Information provided section start

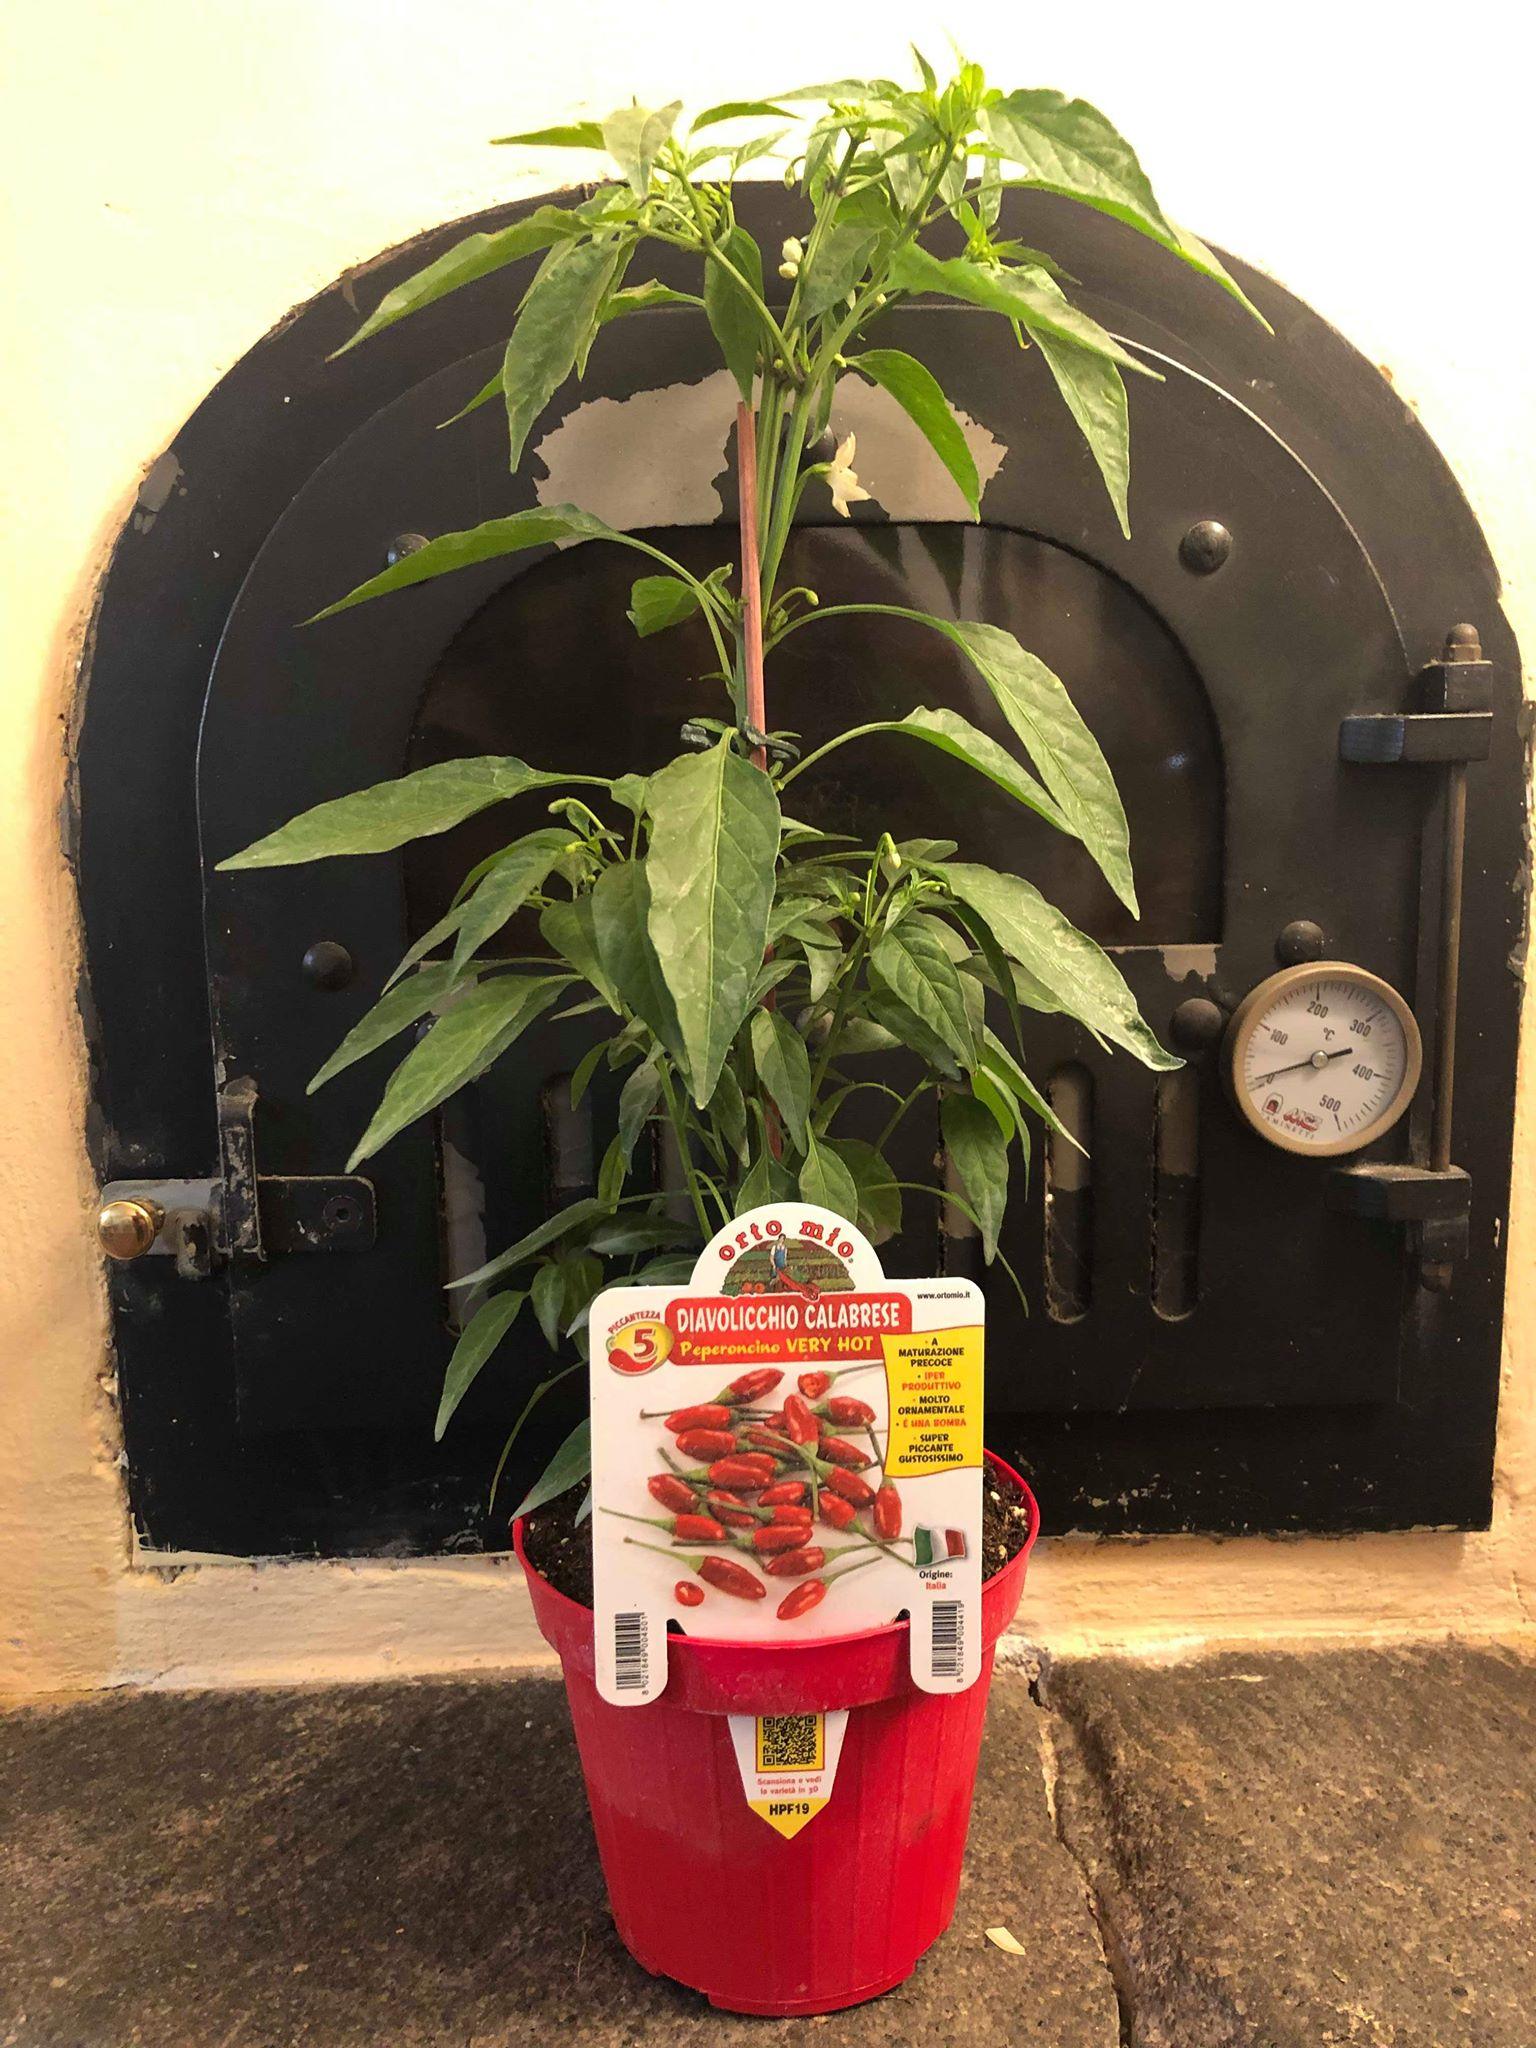 Hot Pepper Calabrese diavolicchio Italico Pot Plant - Orto mio
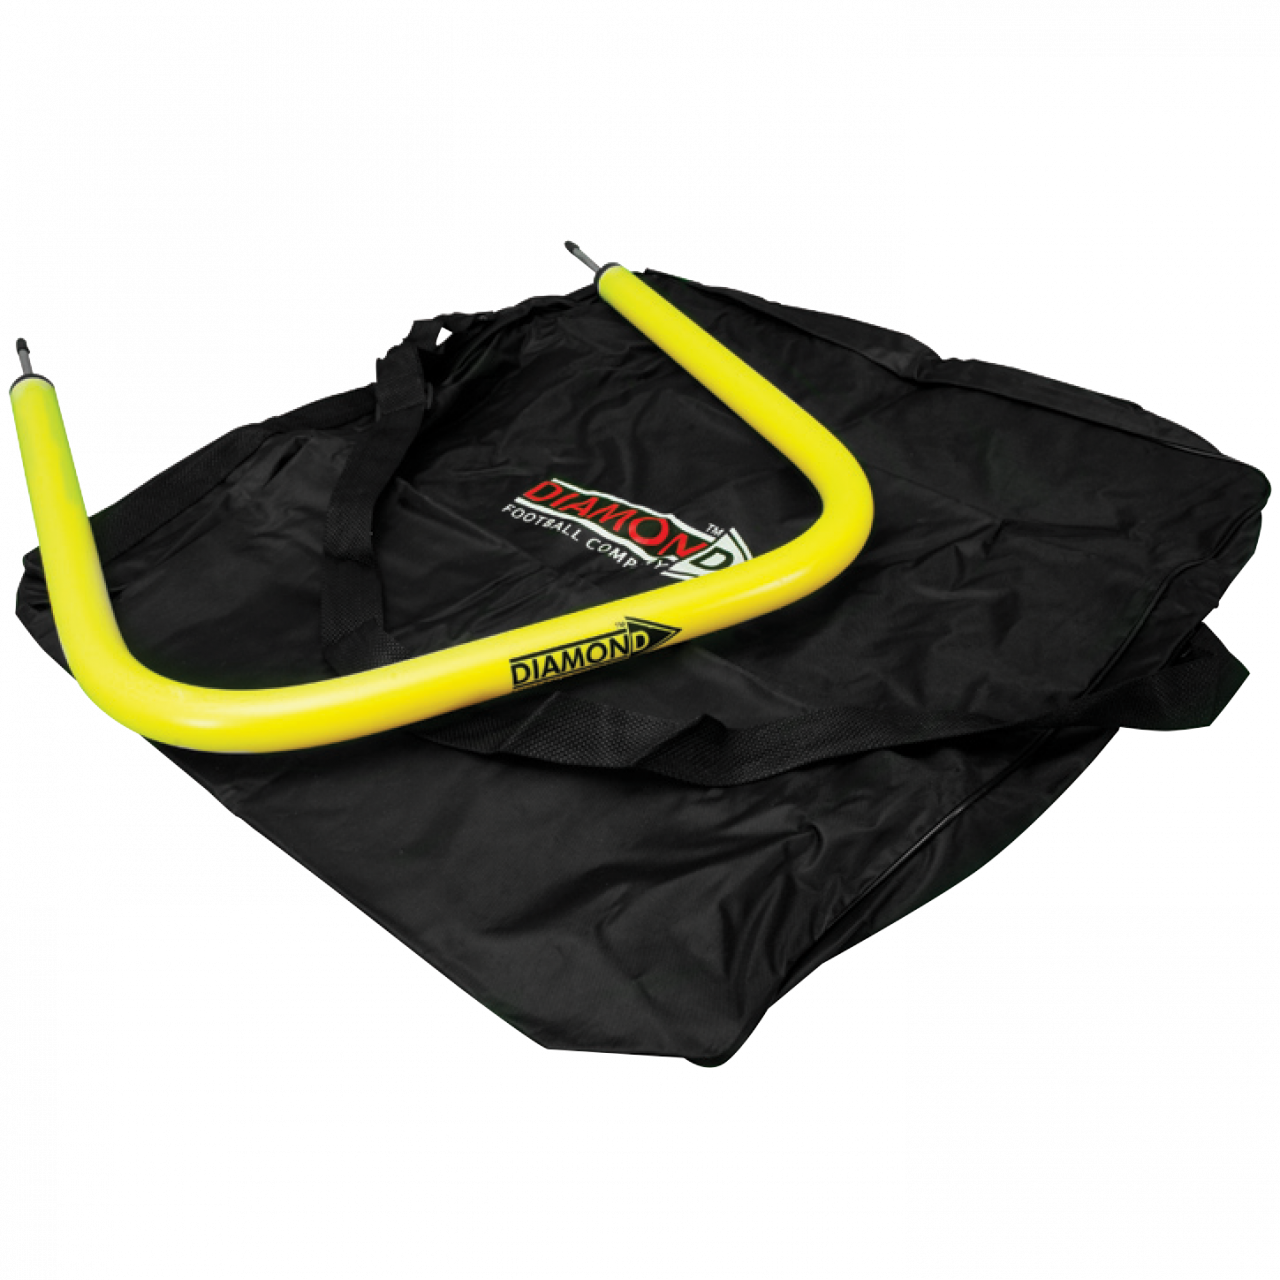 Passing Arc Bag | Diamond Soccer Passing Arc Equipment
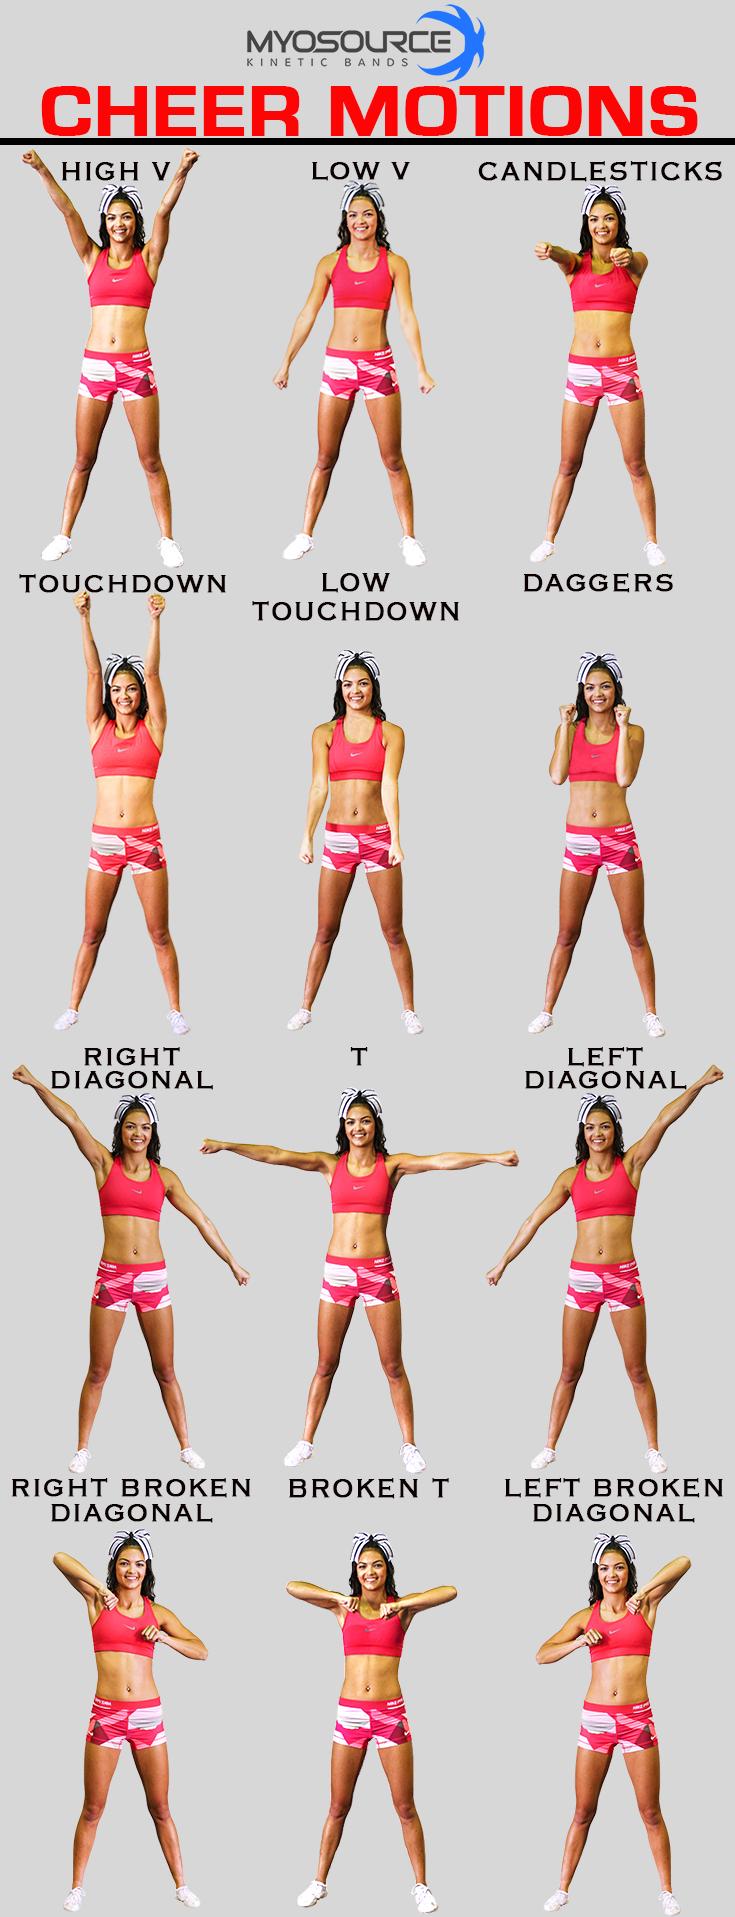 Cheer Motions Chart
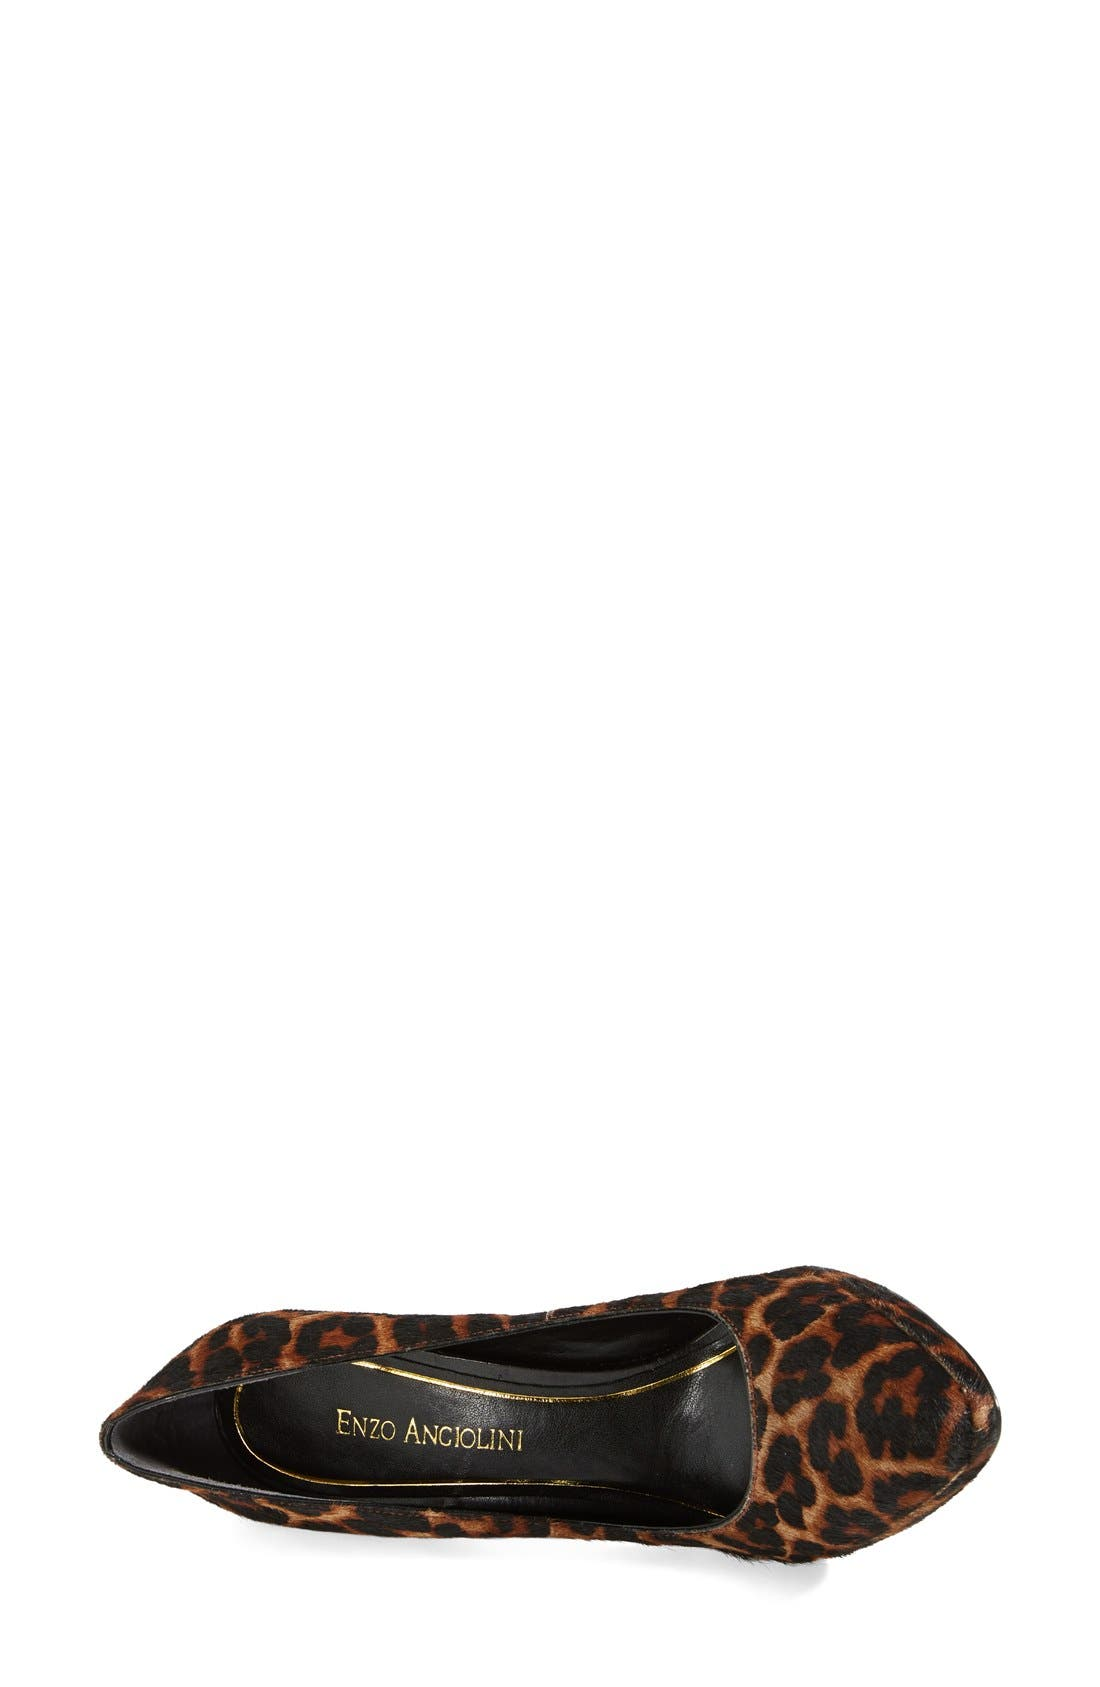 Alternate Image 3  - Enzo Angiolini 'Samendra' Cheetah Spot Calf Hair Platform Pump (Women)

Information provided section end

What the task requires: Return the material above verbatim. Pictures are to be excluded.

Solution for this problem:
 Hot Pepper Calabrese diavolicchio Italico Pot Plant - Orto mio
 Passing Arc Bag | Diamond Soccer Passing Arc Equipment
 Cheer Motions Chart
 Alternate Image 3  - Enzo Angiolini 'Samendra' Cheetah Spot Calf Hair Platform Pump (Women)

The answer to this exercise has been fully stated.